Each line below that contains the word "Hooded" must be copied.

*** Extracted material ***

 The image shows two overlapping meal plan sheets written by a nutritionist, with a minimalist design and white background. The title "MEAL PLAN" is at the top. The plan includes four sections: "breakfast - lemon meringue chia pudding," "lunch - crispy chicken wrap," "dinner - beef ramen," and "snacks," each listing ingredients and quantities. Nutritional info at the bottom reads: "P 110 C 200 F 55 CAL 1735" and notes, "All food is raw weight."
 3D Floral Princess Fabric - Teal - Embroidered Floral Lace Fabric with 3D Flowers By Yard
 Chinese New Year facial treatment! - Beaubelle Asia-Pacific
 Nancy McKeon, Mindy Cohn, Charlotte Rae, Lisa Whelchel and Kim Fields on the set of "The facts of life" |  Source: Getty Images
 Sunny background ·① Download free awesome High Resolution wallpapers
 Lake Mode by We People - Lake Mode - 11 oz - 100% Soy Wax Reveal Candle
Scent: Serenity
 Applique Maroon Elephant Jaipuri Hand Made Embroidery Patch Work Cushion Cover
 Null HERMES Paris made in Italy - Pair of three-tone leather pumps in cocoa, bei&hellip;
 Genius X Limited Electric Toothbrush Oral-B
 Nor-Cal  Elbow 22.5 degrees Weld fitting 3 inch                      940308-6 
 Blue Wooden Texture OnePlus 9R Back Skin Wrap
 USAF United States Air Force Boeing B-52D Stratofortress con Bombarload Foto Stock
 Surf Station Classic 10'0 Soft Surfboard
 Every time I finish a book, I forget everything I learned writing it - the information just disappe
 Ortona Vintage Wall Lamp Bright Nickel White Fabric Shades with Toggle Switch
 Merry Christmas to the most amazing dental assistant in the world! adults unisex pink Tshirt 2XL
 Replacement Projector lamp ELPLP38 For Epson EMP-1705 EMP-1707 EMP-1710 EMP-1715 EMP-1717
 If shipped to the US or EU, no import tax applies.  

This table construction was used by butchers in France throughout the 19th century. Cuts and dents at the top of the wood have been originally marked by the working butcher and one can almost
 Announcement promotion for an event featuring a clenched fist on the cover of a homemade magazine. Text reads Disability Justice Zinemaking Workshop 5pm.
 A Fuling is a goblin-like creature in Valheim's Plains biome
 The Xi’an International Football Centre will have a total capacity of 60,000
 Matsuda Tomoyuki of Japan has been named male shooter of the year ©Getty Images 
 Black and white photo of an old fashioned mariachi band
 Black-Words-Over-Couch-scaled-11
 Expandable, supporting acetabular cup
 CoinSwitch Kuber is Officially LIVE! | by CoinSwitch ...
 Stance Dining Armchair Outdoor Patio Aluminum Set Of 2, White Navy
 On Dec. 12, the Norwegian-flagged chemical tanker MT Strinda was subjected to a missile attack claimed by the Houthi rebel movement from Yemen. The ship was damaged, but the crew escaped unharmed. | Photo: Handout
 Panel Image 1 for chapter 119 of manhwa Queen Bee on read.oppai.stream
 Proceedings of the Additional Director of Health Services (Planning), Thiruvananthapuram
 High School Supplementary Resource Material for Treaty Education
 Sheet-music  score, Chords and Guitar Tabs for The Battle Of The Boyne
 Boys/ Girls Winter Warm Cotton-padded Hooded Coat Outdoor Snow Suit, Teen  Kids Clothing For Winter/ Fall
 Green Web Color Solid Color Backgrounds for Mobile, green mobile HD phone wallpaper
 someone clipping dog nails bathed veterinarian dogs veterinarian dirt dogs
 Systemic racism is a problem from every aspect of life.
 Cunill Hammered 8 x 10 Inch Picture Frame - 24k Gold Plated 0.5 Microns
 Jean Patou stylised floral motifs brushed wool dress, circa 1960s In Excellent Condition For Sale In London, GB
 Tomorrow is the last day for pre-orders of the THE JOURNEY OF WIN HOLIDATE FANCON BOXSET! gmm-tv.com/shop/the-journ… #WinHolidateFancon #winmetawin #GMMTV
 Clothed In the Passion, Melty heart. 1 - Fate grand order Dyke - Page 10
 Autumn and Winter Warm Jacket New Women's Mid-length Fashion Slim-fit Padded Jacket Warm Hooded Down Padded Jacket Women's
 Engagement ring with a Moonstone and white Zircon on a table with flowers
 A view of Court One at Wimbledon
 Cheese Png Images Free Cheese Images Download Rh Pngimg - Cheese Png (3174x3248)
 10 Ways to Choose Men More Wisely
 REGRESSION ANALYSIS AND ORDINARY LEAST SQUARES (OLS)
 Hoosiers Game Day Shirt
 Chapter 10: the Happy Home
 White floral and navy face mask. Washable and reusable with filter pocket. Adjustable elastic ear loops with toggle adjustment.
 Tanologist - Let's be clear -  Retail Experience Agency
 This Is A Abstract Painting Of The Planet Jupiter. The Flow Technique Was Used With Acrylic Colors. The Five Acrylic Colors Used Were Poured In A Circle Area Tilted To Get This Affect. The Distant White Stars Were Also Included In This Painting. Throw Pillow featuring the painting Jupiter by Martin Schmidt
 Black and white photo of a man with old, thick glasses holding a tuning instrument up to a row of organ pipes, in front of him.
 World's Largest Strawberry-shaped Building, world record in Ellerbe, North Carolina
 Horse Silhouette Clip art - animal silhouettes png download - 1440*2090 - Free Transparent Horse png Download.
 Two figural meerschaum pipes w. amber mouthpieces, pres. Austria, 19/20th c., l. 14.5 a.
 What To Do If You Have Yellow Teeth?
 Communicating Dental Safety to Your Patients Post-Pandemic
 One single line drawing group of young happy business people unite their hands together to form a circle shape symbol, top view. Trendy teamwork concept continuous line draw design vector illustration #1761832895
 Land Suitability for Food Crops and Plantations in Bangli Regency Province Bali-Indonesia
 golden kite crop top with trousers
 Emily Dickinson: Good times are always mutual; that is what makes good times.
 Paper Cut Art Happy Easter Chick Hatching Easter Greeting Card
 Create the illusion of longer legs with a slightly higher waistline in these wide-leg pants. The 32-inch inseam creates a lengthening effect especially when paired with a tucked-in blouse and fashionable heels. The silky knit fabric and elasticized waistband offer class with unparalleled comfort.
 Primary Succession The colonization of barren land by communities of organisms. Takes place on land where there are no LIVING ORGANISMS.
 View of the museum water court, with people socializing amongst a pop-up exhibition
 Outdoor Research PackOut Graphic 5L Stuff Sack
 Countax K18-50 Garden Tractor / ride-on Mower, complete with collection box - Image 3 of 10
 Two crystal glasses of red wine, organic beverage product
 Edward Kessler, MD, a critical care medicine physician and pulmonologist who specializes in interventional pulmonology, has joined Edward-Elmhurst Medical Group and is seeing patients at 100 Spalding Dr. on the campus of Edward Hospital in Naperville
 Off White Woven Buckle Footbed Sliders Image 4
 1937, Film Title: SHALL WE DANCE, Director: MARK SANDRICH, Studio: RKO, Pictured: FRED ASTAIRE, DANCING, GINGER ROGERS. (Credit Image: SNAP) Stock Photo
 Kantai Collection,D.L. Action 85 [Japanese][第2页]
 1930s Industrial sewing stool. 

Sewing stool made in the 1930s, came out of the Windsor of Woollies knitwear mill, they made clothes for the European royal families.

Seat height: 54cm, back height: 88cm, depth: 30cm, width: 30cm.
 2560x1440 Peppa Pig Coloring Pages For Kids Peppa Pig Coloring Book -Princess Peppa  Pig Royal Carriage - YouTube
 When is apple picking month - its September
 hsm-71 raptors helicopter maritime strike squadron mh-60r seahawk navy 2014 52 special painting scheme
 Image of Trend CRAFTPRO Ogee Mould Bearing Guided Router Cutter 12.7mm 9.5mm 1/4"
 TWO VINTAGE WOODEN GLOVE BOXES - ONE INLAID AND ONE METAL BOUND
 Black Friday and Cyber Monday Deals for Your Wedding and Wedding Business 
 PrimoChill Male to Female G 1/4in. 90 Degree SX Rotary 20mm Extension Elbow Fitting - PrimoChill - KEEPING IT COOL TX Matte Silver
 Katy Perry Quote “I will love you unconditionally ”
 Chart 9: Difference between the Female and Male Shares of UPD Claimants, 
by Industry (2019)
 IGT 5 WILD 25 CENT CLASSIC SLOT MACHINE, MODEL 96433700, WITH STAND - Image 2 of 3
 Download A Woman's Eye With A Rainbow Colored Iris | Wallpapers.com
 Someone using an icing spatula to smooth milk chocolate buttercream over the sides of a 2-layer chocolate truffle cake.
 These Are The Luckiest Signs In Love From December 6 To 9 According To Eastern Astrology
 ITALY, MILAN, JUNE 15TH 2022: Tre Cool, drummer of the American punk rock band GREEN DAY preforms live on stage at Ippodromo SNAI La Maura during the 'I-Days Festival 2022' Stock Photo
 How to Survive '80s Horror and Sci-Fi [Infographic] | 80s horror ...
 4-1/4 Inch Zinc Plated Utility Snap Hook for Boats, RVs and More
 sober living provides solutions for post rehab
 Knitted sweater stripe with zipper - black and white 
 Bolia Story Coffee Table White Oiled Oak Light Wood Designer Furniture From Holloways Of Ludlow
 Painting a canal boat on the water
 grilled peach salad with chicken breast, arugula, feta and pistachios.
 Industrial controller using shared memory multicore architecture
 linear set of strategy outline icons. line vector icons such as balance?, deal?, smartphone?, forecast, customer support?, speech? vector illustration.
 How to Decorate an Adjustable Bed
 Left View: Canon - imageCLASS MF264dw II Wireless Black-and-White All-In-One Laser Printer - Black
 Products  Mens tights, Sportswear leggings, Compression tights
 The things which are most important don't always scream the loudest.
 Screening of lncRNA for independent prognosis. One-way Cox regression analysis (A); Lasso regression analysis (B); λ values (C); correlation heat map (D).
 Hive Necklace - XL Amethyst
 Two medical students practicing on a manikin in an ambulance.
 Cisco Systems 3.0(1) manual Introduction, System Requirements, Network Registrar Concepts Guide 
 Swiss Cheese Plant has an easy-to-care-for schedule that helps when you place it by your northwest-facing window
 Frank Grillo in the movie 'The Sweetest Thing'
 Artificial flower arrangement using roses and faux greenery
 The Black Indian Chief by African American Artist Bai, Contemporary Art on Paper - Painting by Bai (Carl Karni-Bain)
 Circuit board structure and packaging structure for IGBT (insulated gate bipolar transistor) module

*** End of Extracted material ***

> _Result_
 Boys/ Girls Winter Warm Cotton-padded Hooded Coat Outdoor Snow Suit, Teen  Kids Clothing For Winter/ Fall
 Autumn and Winter Warm Jacket New Women's Mid-length Fashion Slim-fit Padded Jacket Warm Hooded Down Padded Jacket Women's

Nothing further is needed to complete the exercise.